Originally Posted by *QurlySq* ok... i considered posting my shoes... then i started counting... i counted 51 pairs that are in boxes and on my shoe rack... and that wasn't including the shoes that are in the 20 gallon trunk (overflowing btw) in the bottom of my closet or the shoes that are waiting patiently in my car... sooooooooooooooooooo i figured i wouldn't post them...




hmmm... think maybe i'm addicted to shoes? **innocent look**

I wanna see your shoe collection!!


----------



## suzukigrrl (Aug 10, 2005)

Just a few. I don't have a ton of shoes, but I still have waaay too many to try to photograph them all.


----------



## suzukigrrl (Aug 10, 2005)

Originally Posted by *Charmaine* Ooh those leopard ones are way sexy! Indeed! I feel so hot when I wear them. I found them at a thrift store too!


----------



## Lealabell (Aug 10, 2005)

First off I've posted these in another thread and I'm waiting for them to come back from the cobblers so I can't take a pic






Here's the rest of them:











My blah black shoes (although I love the 2nd pair to death)











My coloured shoes



http://photobucket.com/albums/v648/Lealabell/th_PHTO0023.jpghttp://photobucket.com/albums/v648/Lealabell/th_PHTO0022.jpghttp://photobucket.com/albums/v648/Lealabell/th_PHTO0017.jpg

A girl can never have too many pairs of black knee high boots (at least 1 pair is suede https://forum.makeuptalk.com/images/smilies2/icon_razz.gif )

http://photobucket.com/albums/v648/Lealabell/th_PHTO0021.jpg and my slippers.


----------



## Lealabell (Aug 10, 2005)

Originally Posted by *Trisha* OMG i knew you liked shoes Lea but i didnt know you had that many! x
I love the leopardy print and red shoes!! x

I used to have more




I've got a box with 3 pairs in to get rid of. I think the silver ones are going to have to go because they're too high and I can't walk in them but I'm not getting rid of them until I have a replacement pair.

My favourites are the red ones, the black ones with the rose on them (I've had them about 5 years) and the black suede knee high ones.

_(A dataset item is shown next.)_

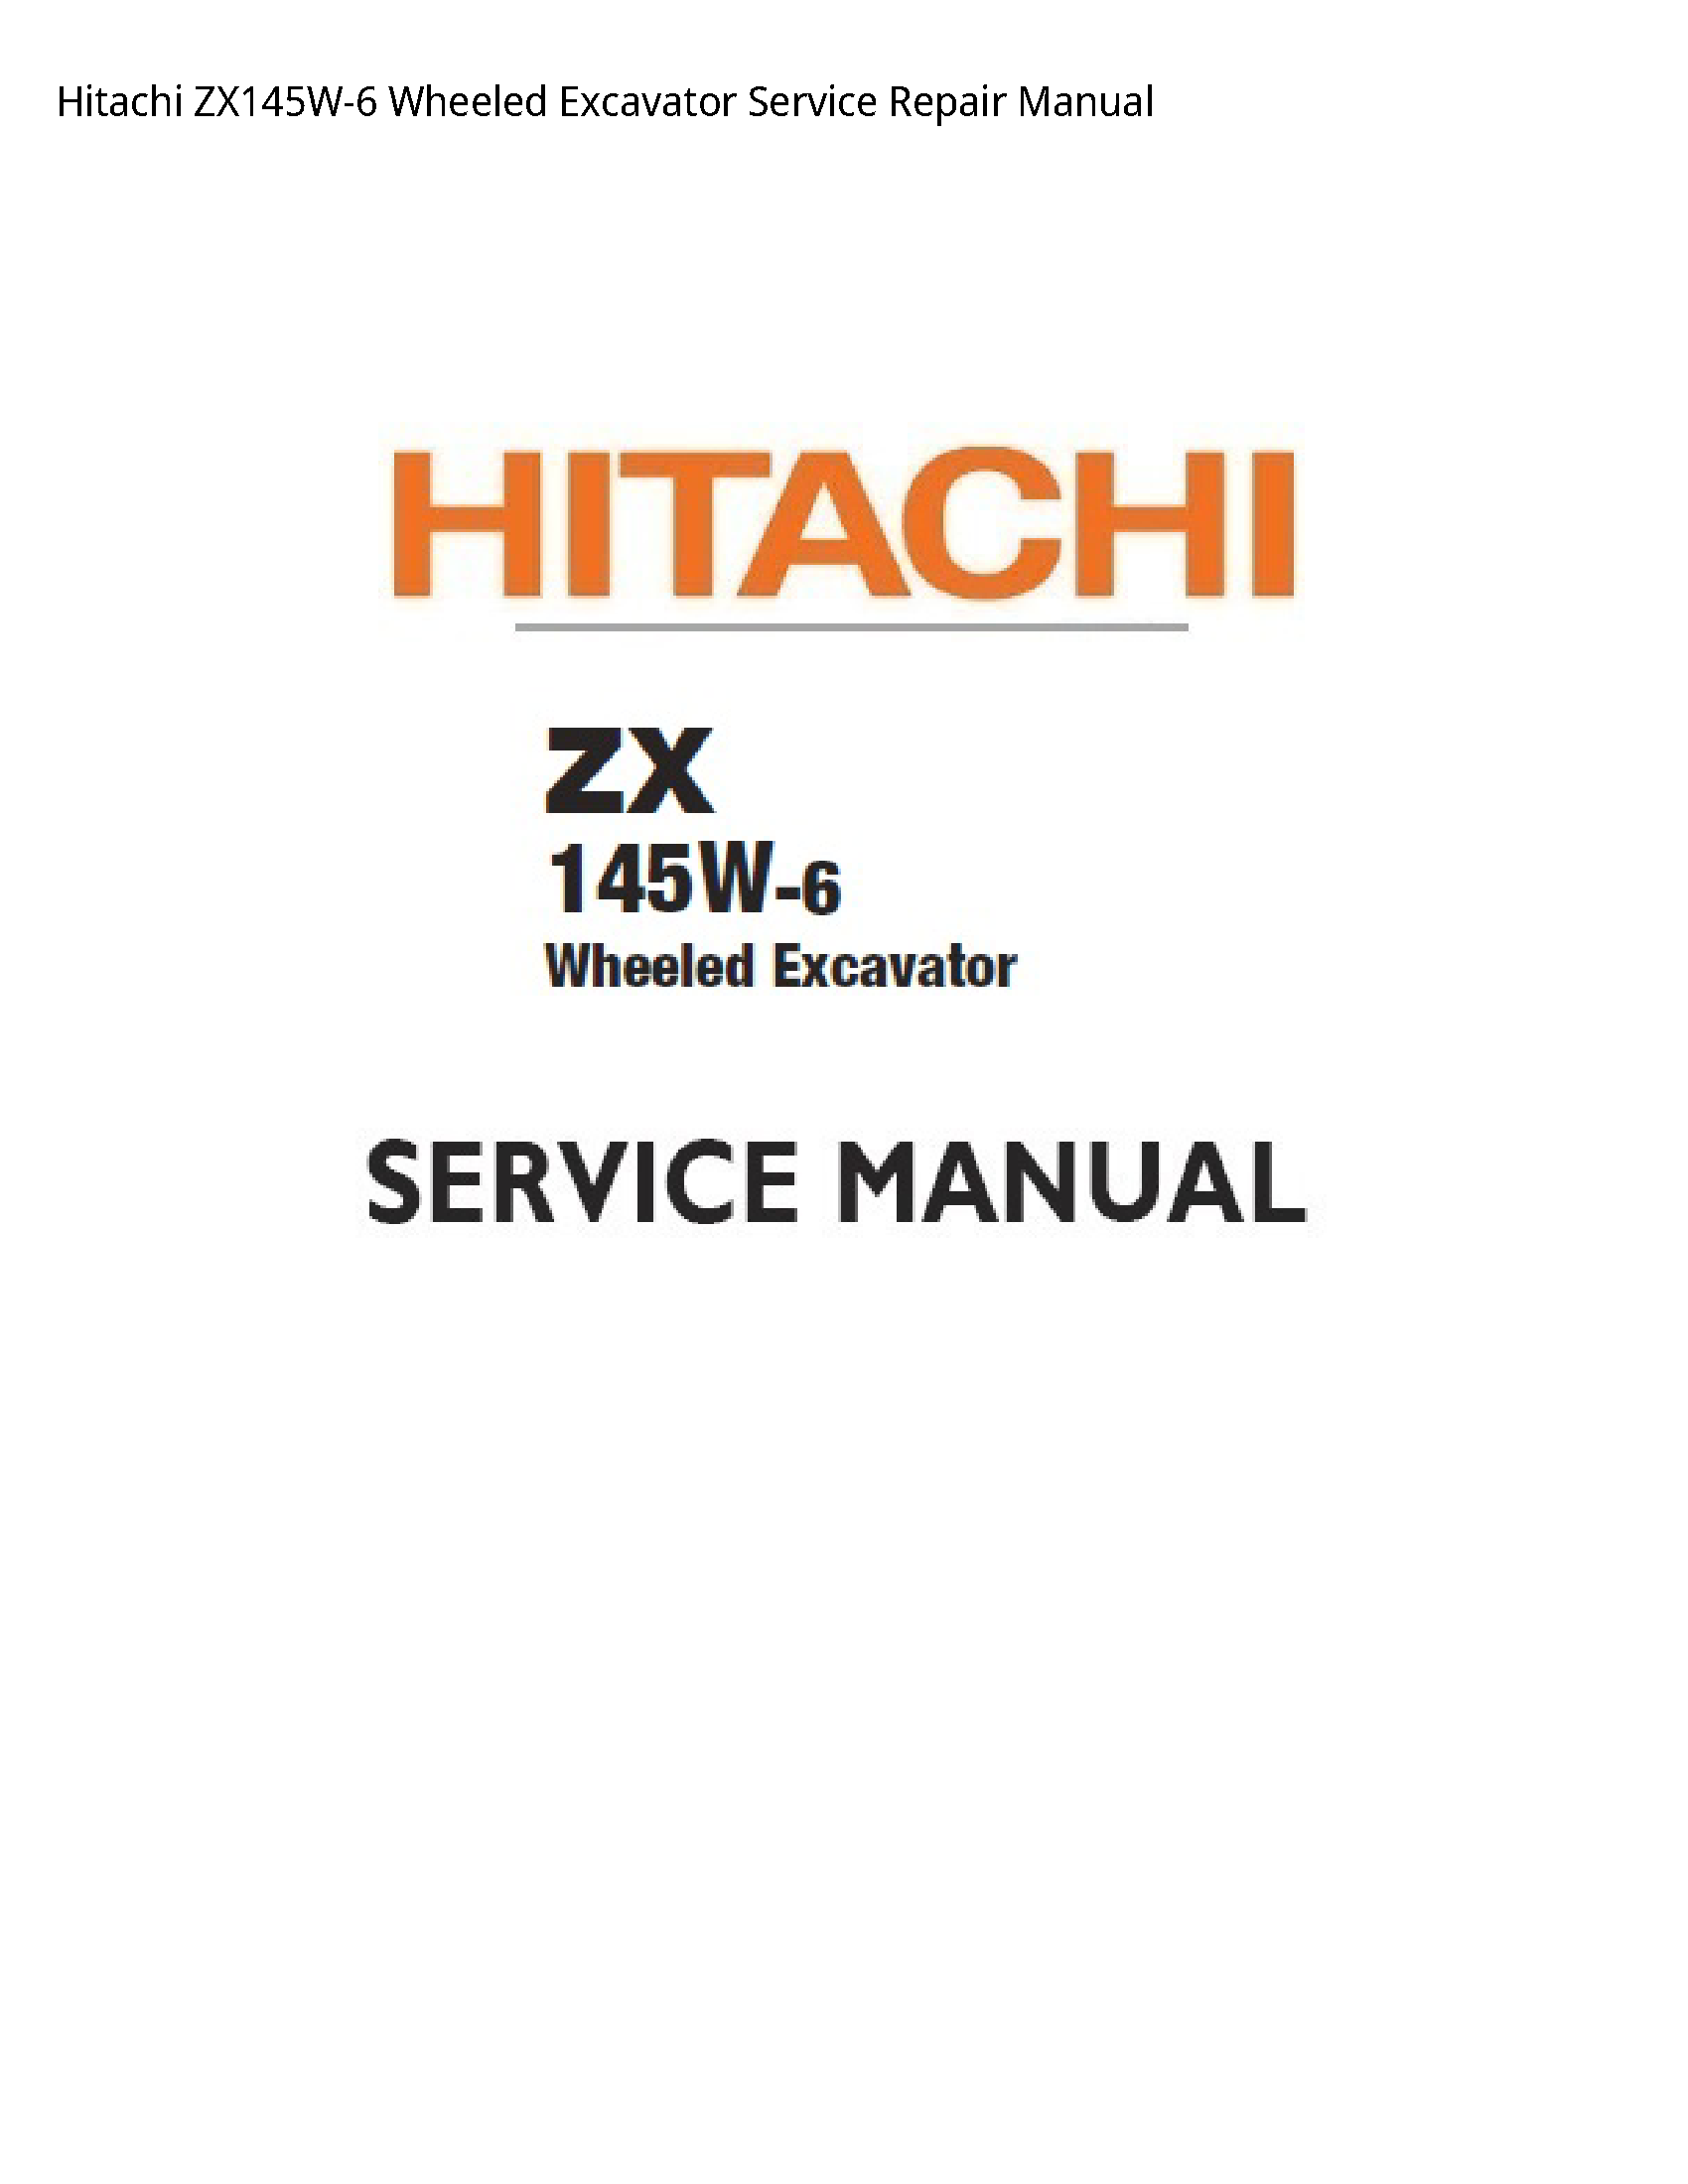 Hitachi ZX145W-6 Wheeled Excavator manual

Hobbs phoned me yesterday about my shoes, they sent the wrong pair and now I'll have to wait another week.


----------



## Liz (Aug 10, 2005)

Originally Posted by *suzukigrrl* Just a few. I don't have a ton of shoes, but I still have waaay too many to try to photograph them all. i wanted those leopard ones! but when they were on sale, they didn't have them in my size!!


----------



## Liz (Aug 10, 2005)

great collection lea! i want knee high boots, but my calves are too big, they won't fit


----------



## QurlySq (Aug 10, 2005)

ok... i've decided that i'll post a FEW of my shoes... actually just the ones i really like (and are handy)... enjoy!!!

(oh, the lace-up sandals, i decided to try them on for the pic because otherwise they looked sorta frumpy in the pics by themselves)


----------



## QurlySq (Aug 10, 2005)

Originally Posted by *Lealabell*





Lea, I am LOVING those shoes!!!!


----------



## barbi53657 (Aug 10, 2005)

I am a shoe shopaholic i have gotten these sort far just this summer



 

 

 



The first two are for fun, and the last two are for work I have to be on my feet for hours at a time I probably have over 60 pairs of shoes


----------



## Lealabell (Aug 10, 2005)

Originally Posted by *Liz* great collection lea! i want knee high boots, but my calves are too big, they won't fit




I got mine from 3 different places 'cos I've got quite big calves a combination of being fat and doing a lot of walking.
The high heeled leather pair came from Nine West which surprised me because I can't normally get their boots to fit.

The pointed toe pair came from a mail order company in the UK called http://www.boden.co.uk . It doesn't say that they deliver to the states on the website, but they do have postage rates for the rest of the world.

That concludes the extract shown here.